Though she doesn’t go into it, I’m assuming that most of these new phenotypes caused by read-through are not very adaptive.  But the prion aggregation is triggered by environmental stresses– heat, oxidation– so it sounds as though this all happens in a scenario where the yeast has “nothing to lose.”  Suppose 1000 genetically distinct yeast were exposed to a potentially fatal stress, and they all experienced prion aggregation, and as  a result starting translating thousands of new proteins each.  There might be one yeast cell among the thousand which hits upon a phenotype that allows it to survive the stress and go on to reproduce.

Importantly, if you had another 1000 yeast which did not have the prion protein, they wouldn’t be able to respond to stress this way, and so they wouldn’t produce one organism that survives the stress.  So in this way, the prion protein could actually be adaptive.

Professor Lindquist does not tie this idea back into the possible function of prions in mammals.  Unlike in yeast, prion protein is not bound to a translation termination factor in mammals, and it’s also hard to imagine how the adaptation described for yeast would help mammals survive, since (as far as I understand) the aggregation of prions in mammals only occurs in a subset of tissues (say, the thalamus in FFI) and plus it’s not clear how stress on those tissues relates to macro stresses that the mammal encounters and must try to survive.

But if her hypothesis DOES apply to mammals, this would suggest that perhaps suppressing the expression of PrP entirely would be a viable way to treat FFI and other prion diseases.  Until now I’d been assuming that the fact that PrP is highly conserved across organisms must mean that it does something awfully important.  But if that important thing it does is allow organisms to adapt to stresses over a geologic time scale, then while it may be important to a species it is not important to any one individual, and so if a way can be found to suppress the expression of PrP, we’d be in good shape.

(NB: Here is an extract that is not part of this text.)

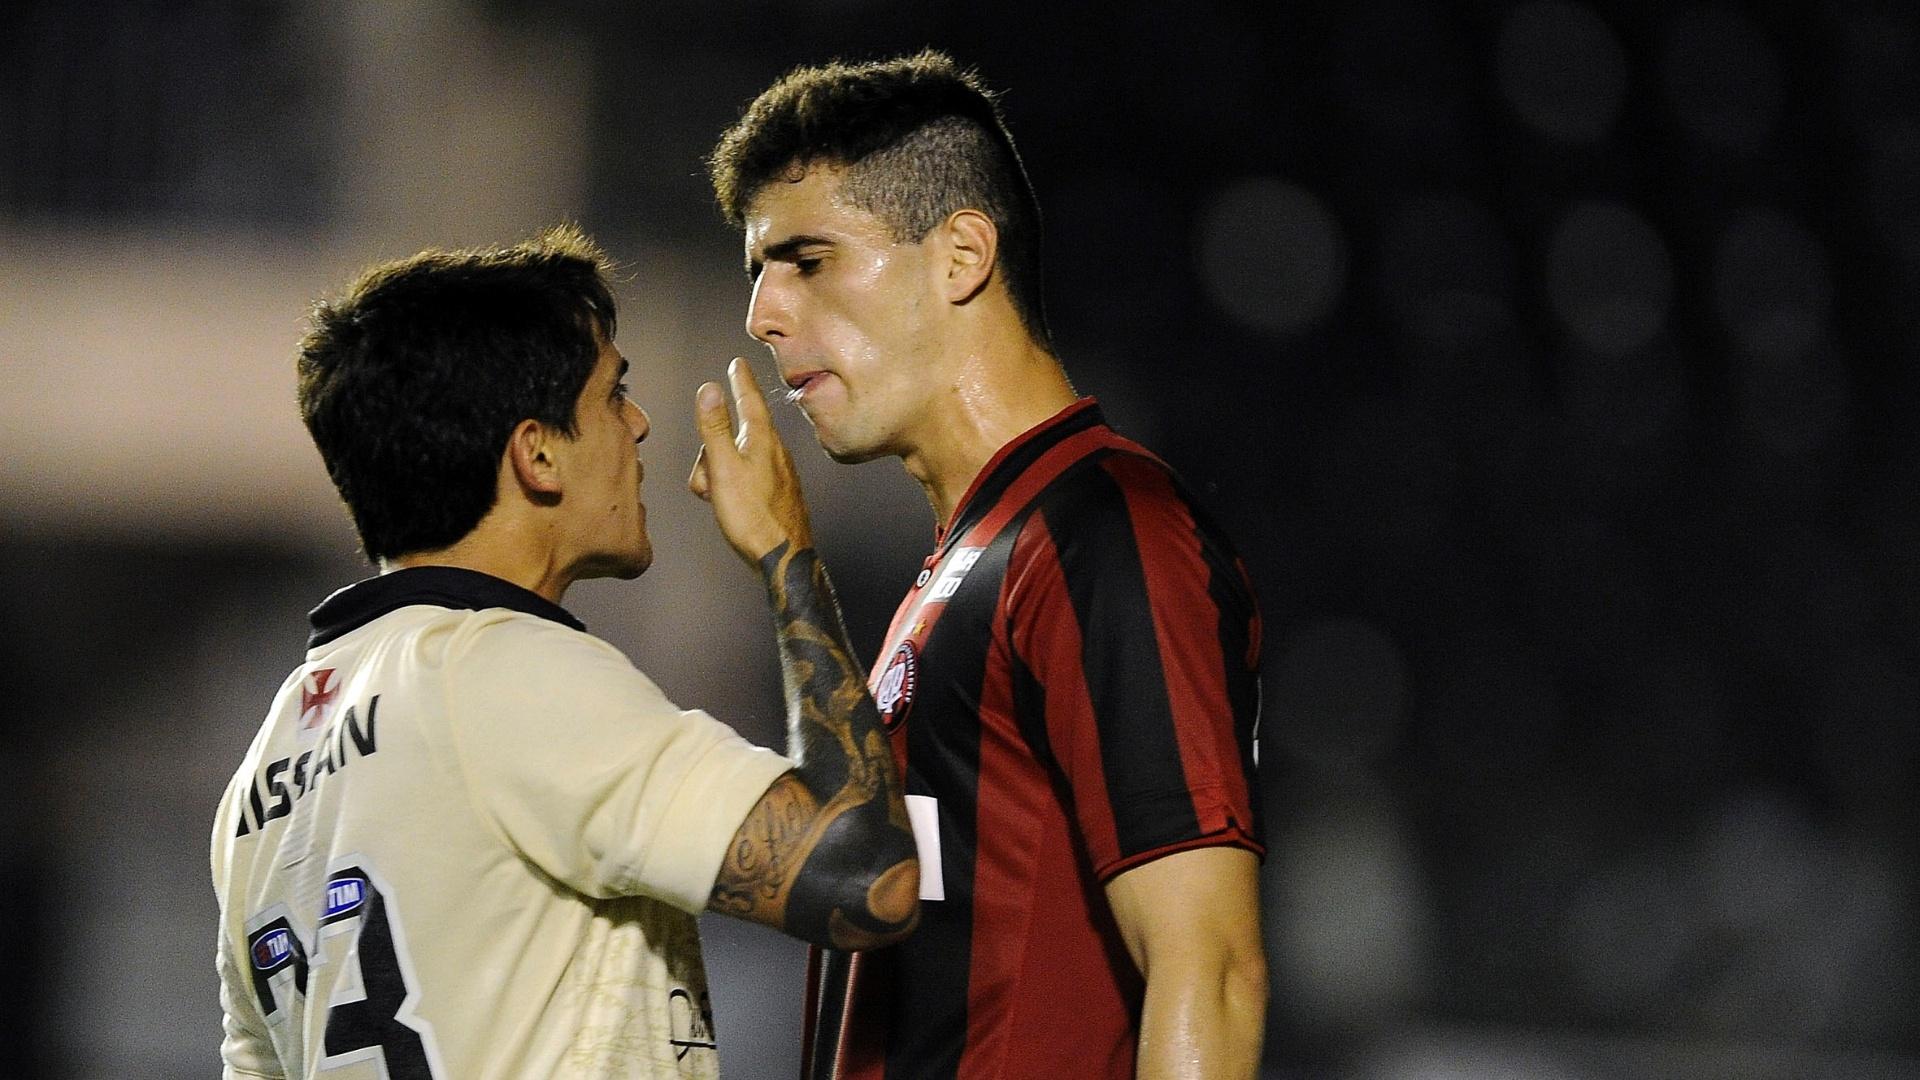 08.set.2013 - Fágner (e) e Dráusio (d) se estranham durante o jogo entre Vasco e Atlético-PR, válido pela 19ª rodada do Campeonato Brasileiro
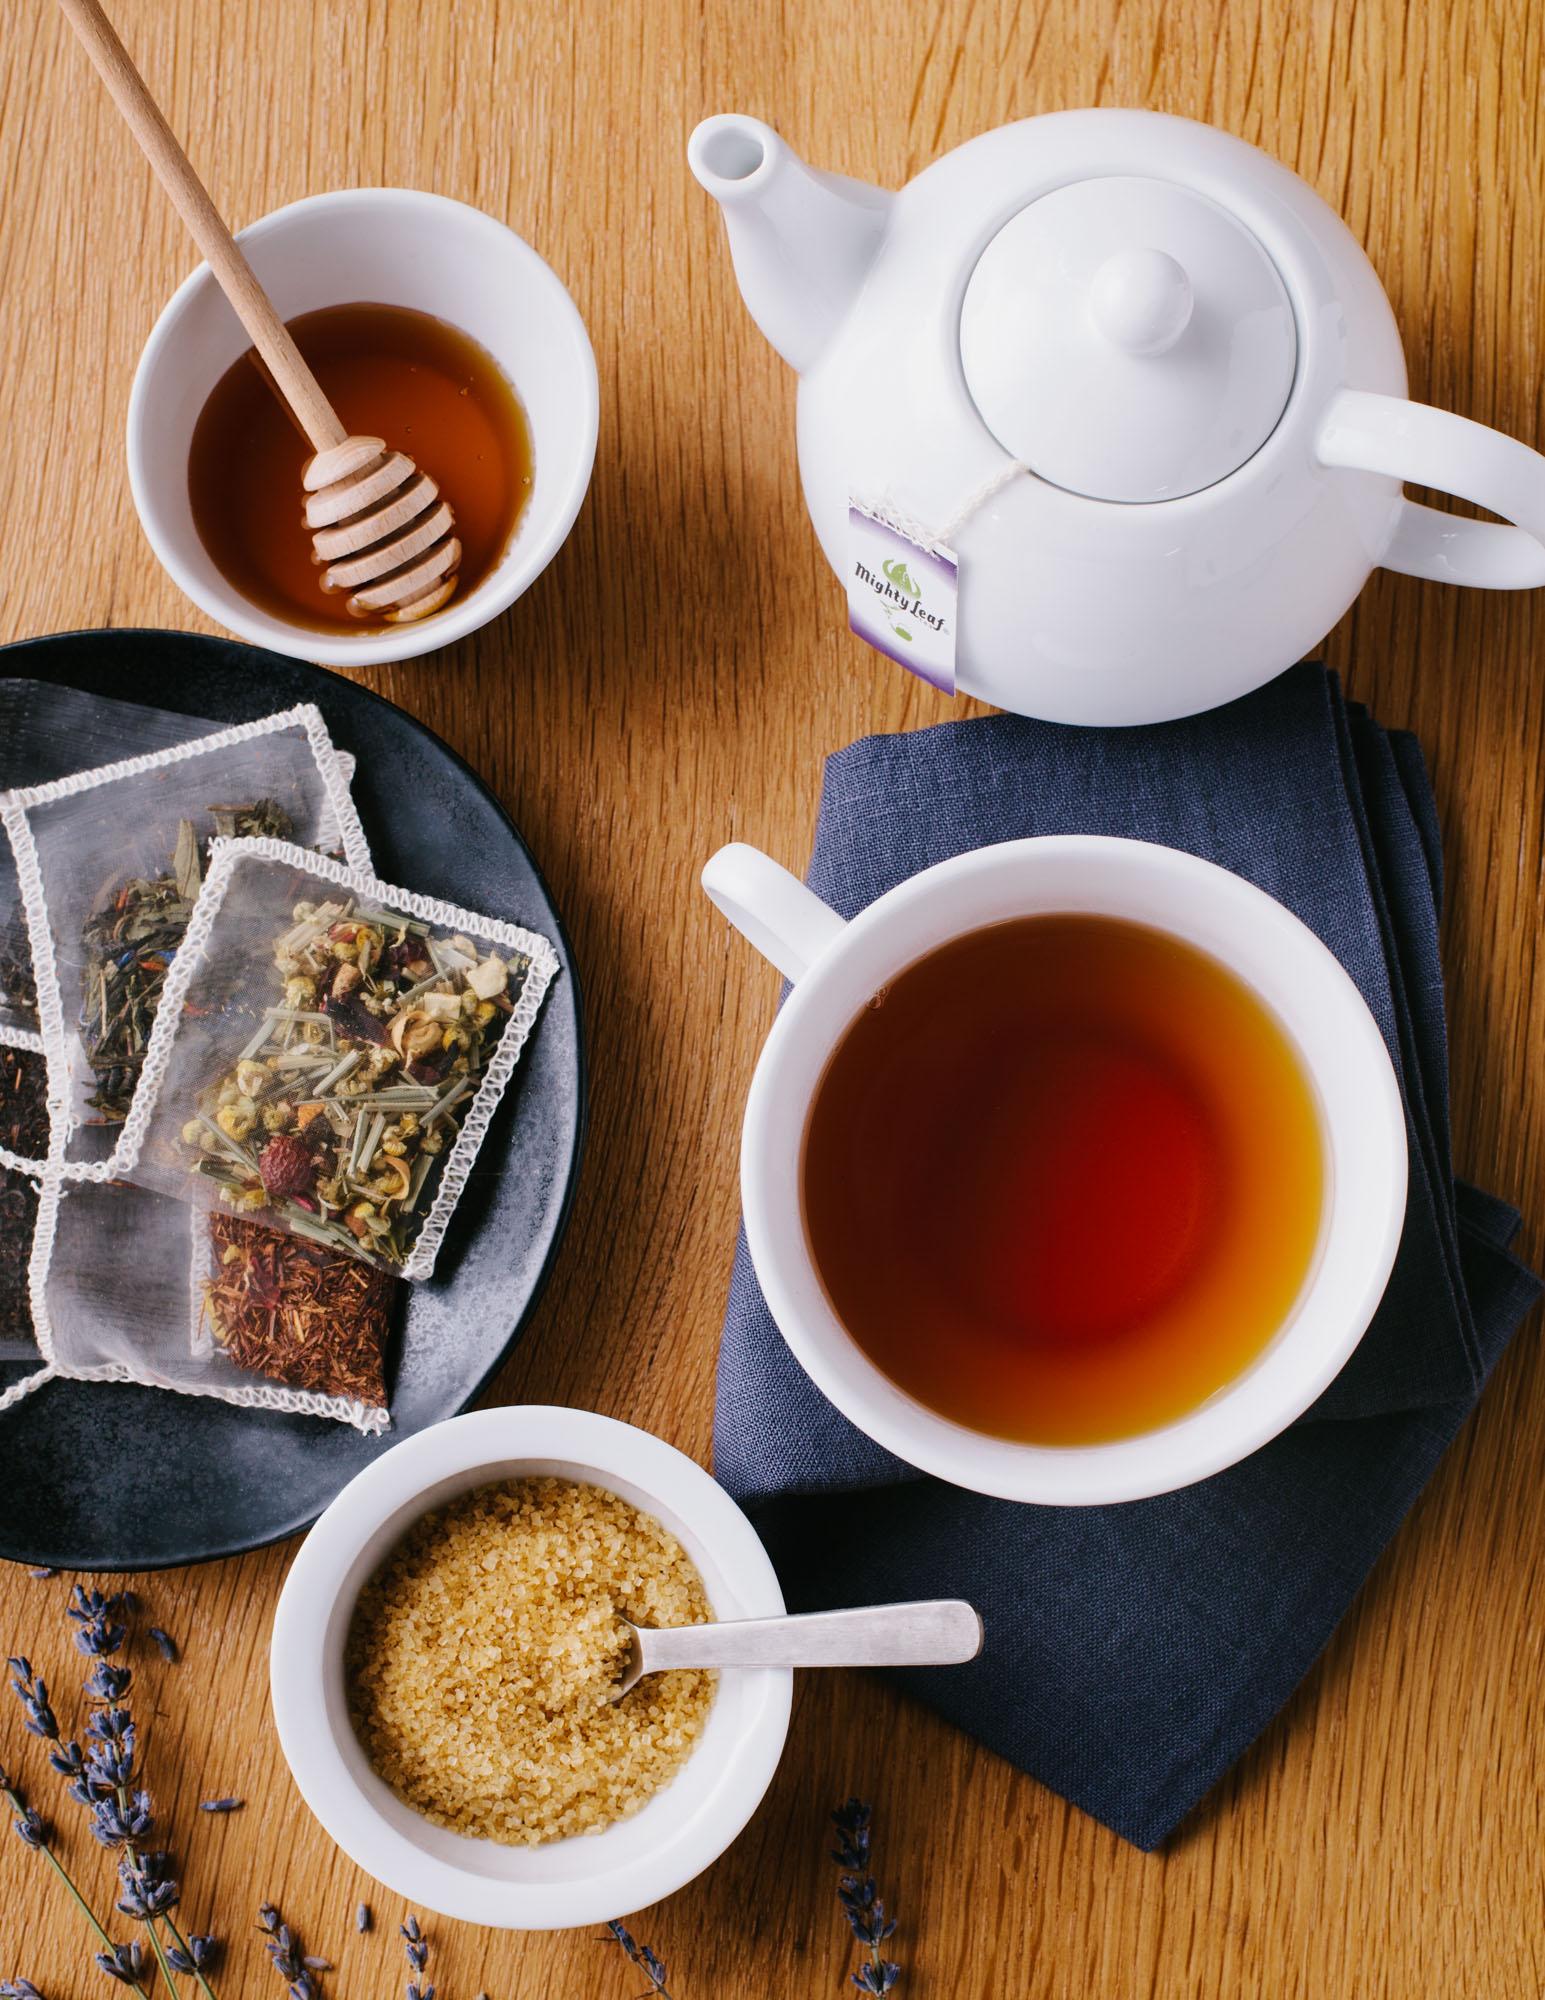 Tea service by Adam DeTour

Another issue which Prof. Lindquist raises is the heat shock protein hsp104, which appears to be able to dissolve protein aggregates.  Do we mammals have this protein or something like it?  Is the structure of this protein understood and is this a potential treatment path?

A final question– at times Lindquist appears to use the term “prion” to refer generally to any proteinaceous infectious agent, i.e. any protein capable of converting other proteins to its own misfolded state, and not to “the” prion protein which in humans is called PRNP.  Can anyone clarify if this is the case?